■ Data extract:
BEGIN

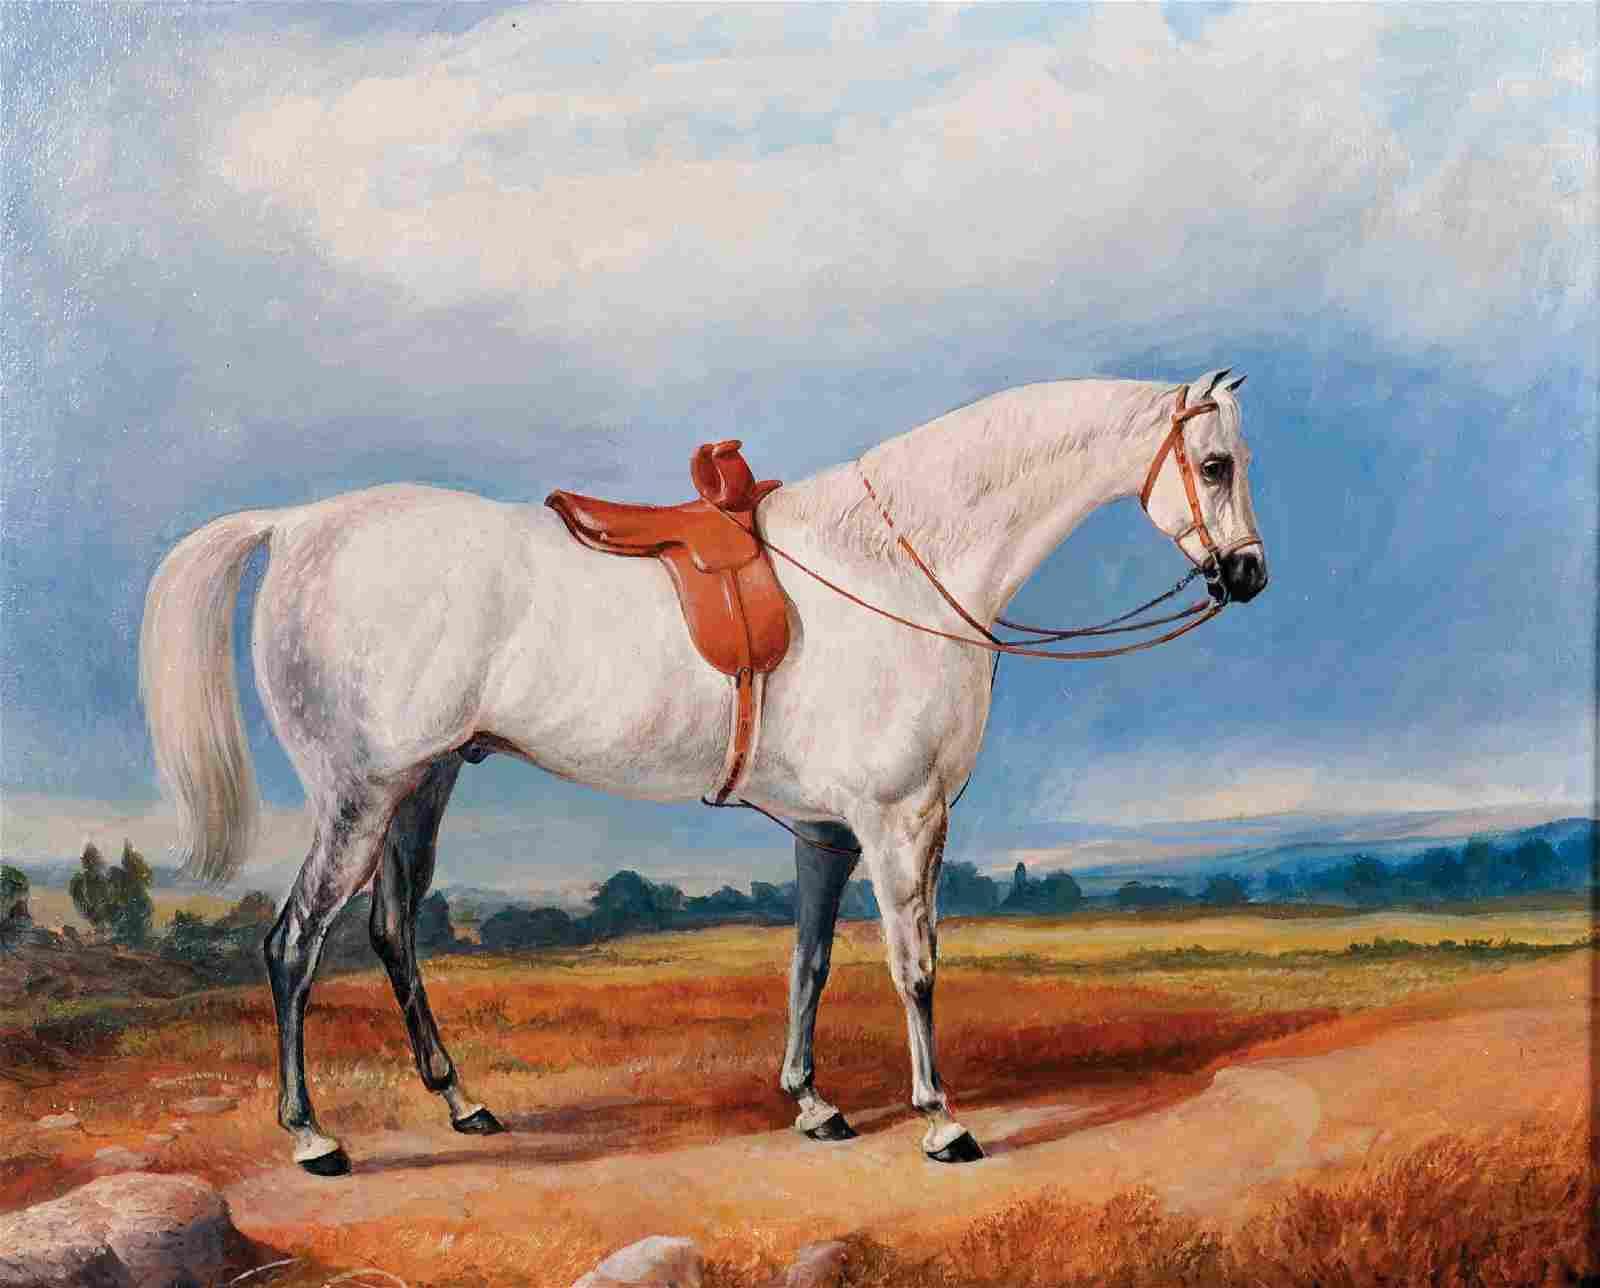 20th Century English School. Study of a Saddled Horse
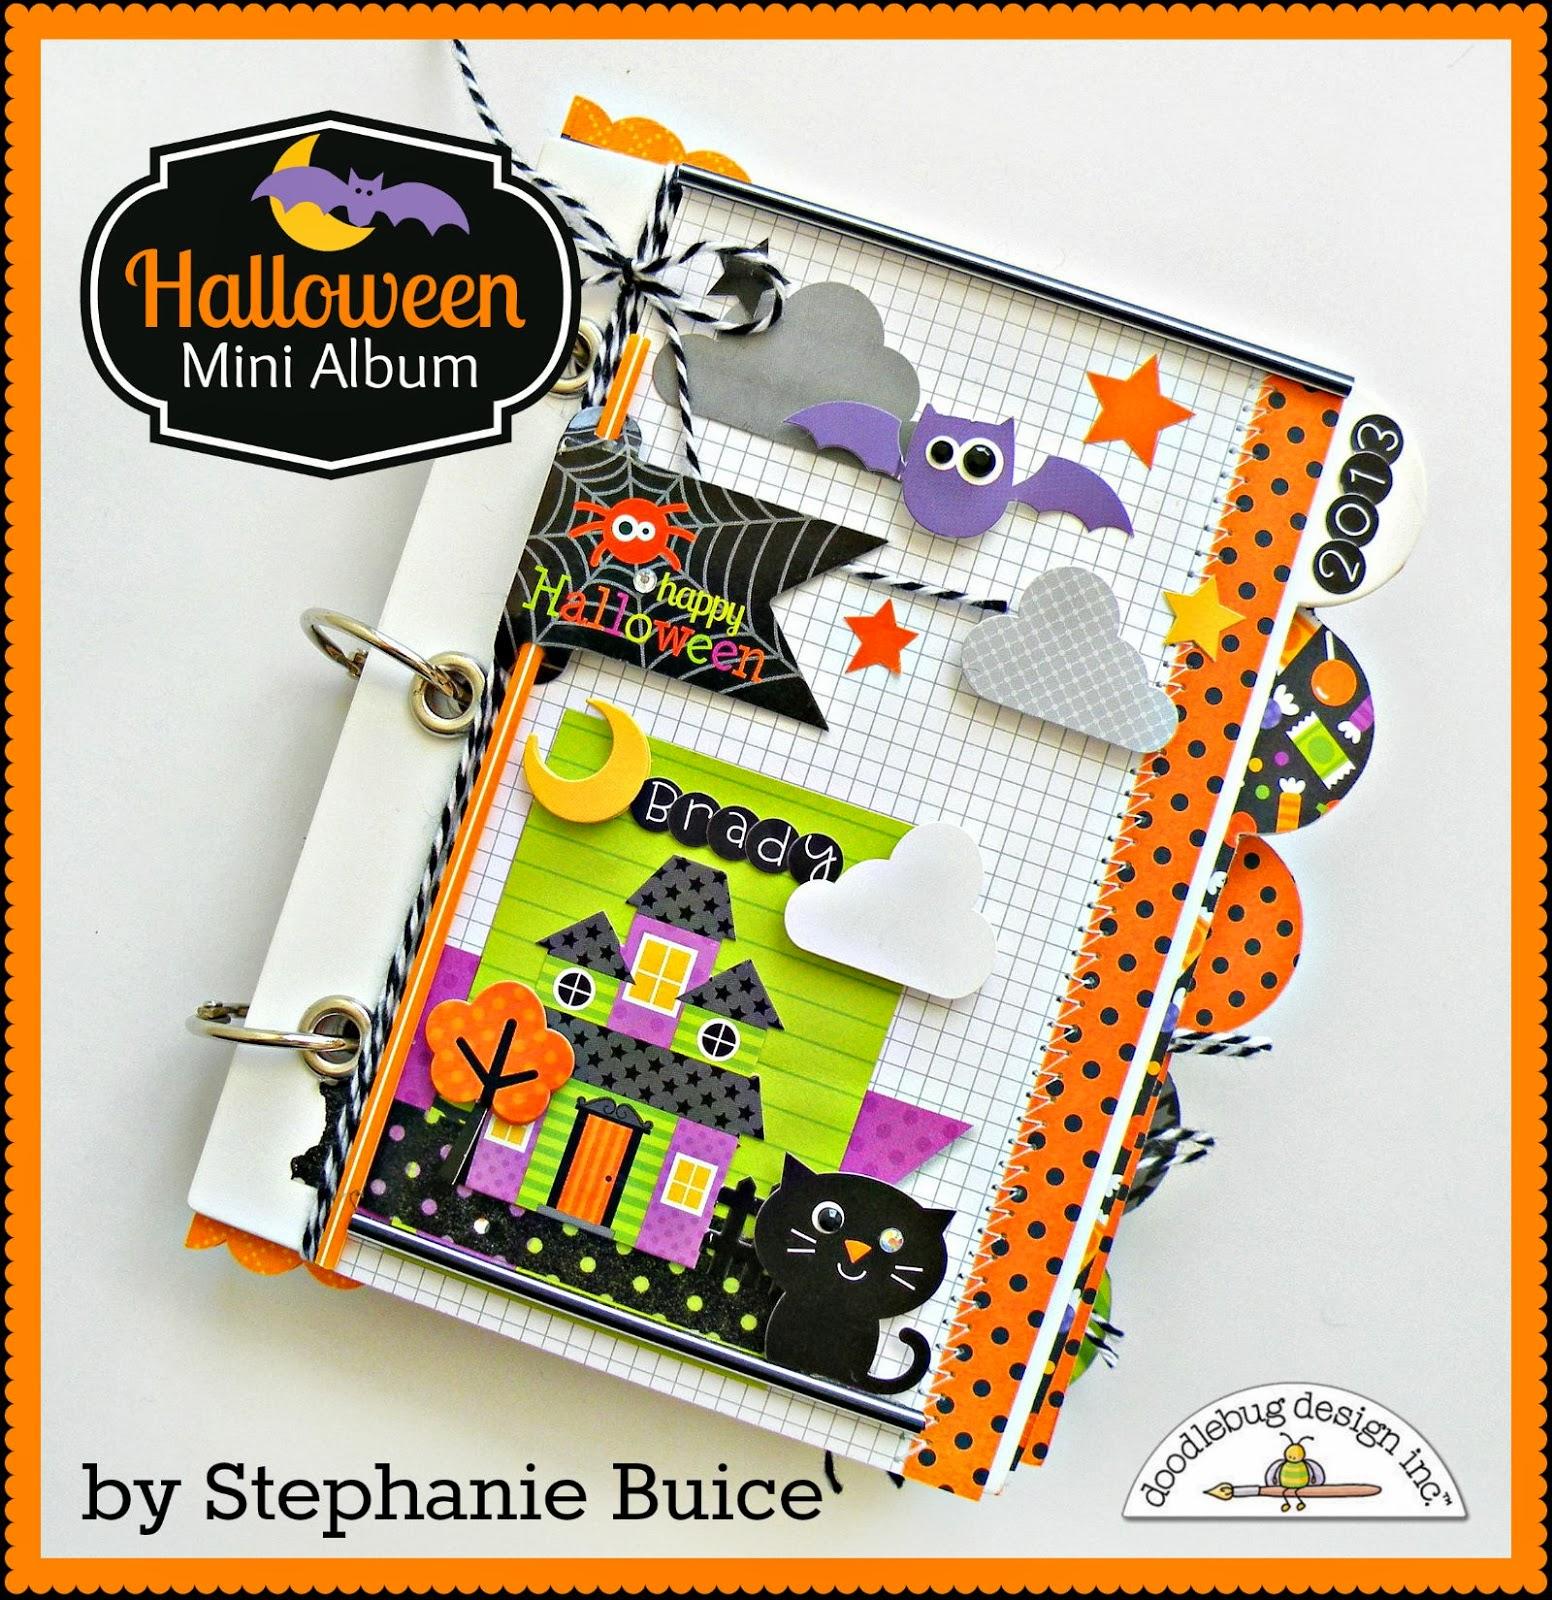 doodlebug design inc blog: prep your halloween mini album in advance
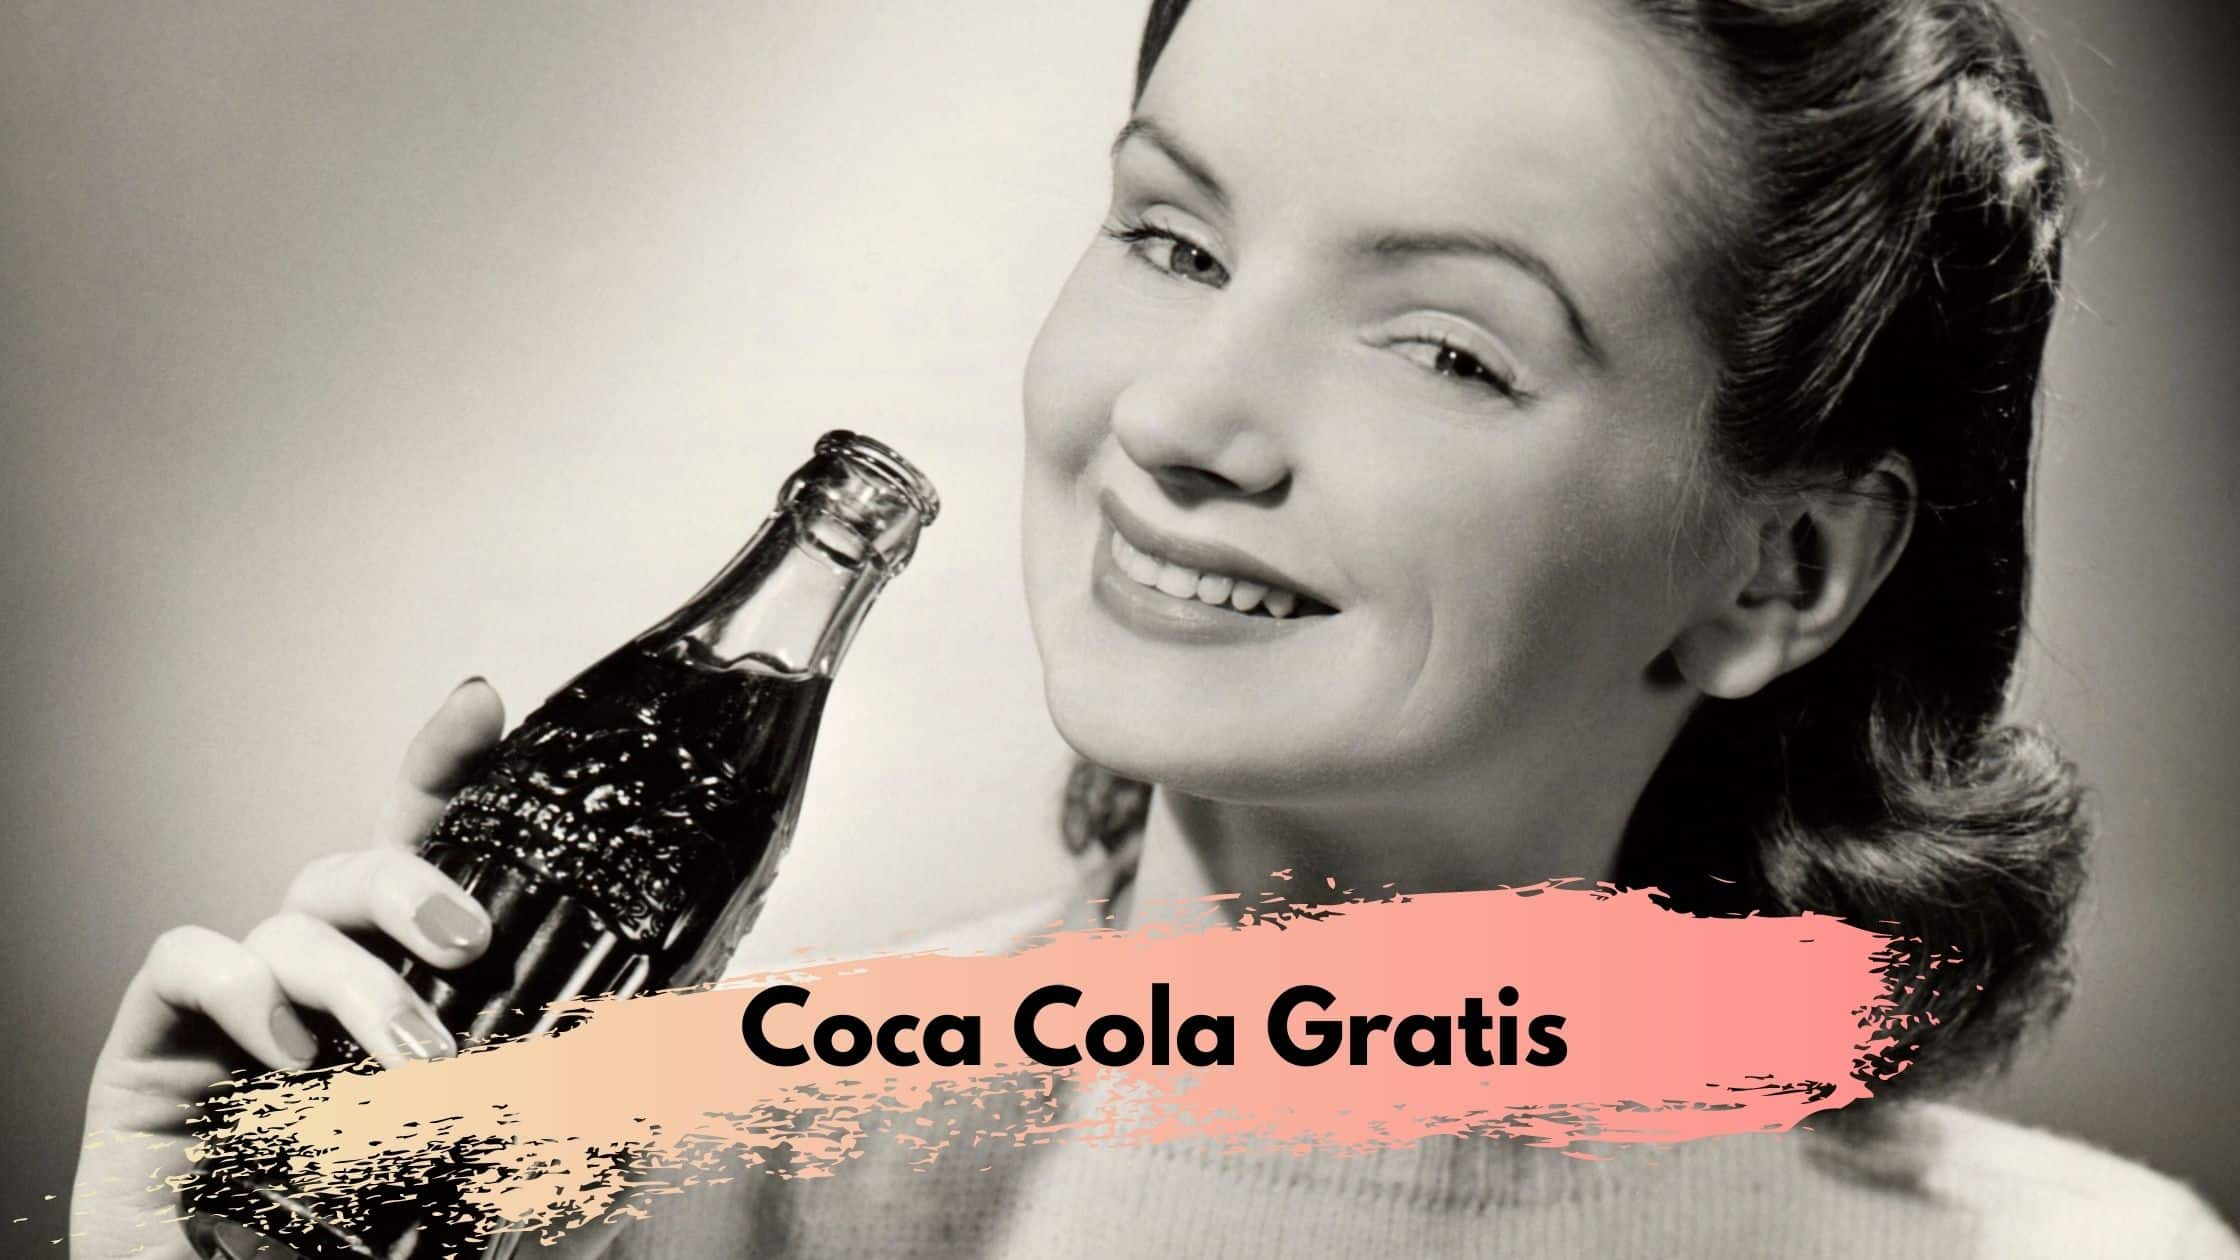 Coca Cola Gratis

END

■ Exercise aim:
Wherever a picture appears, omit it; copy the rest of the data exactly.

■ Task answer:
 20th Century English School. Study of a Saddled Horse
 doodlebug design inc blog: prep your halloween mini album in advance
 Coca Cola Gratis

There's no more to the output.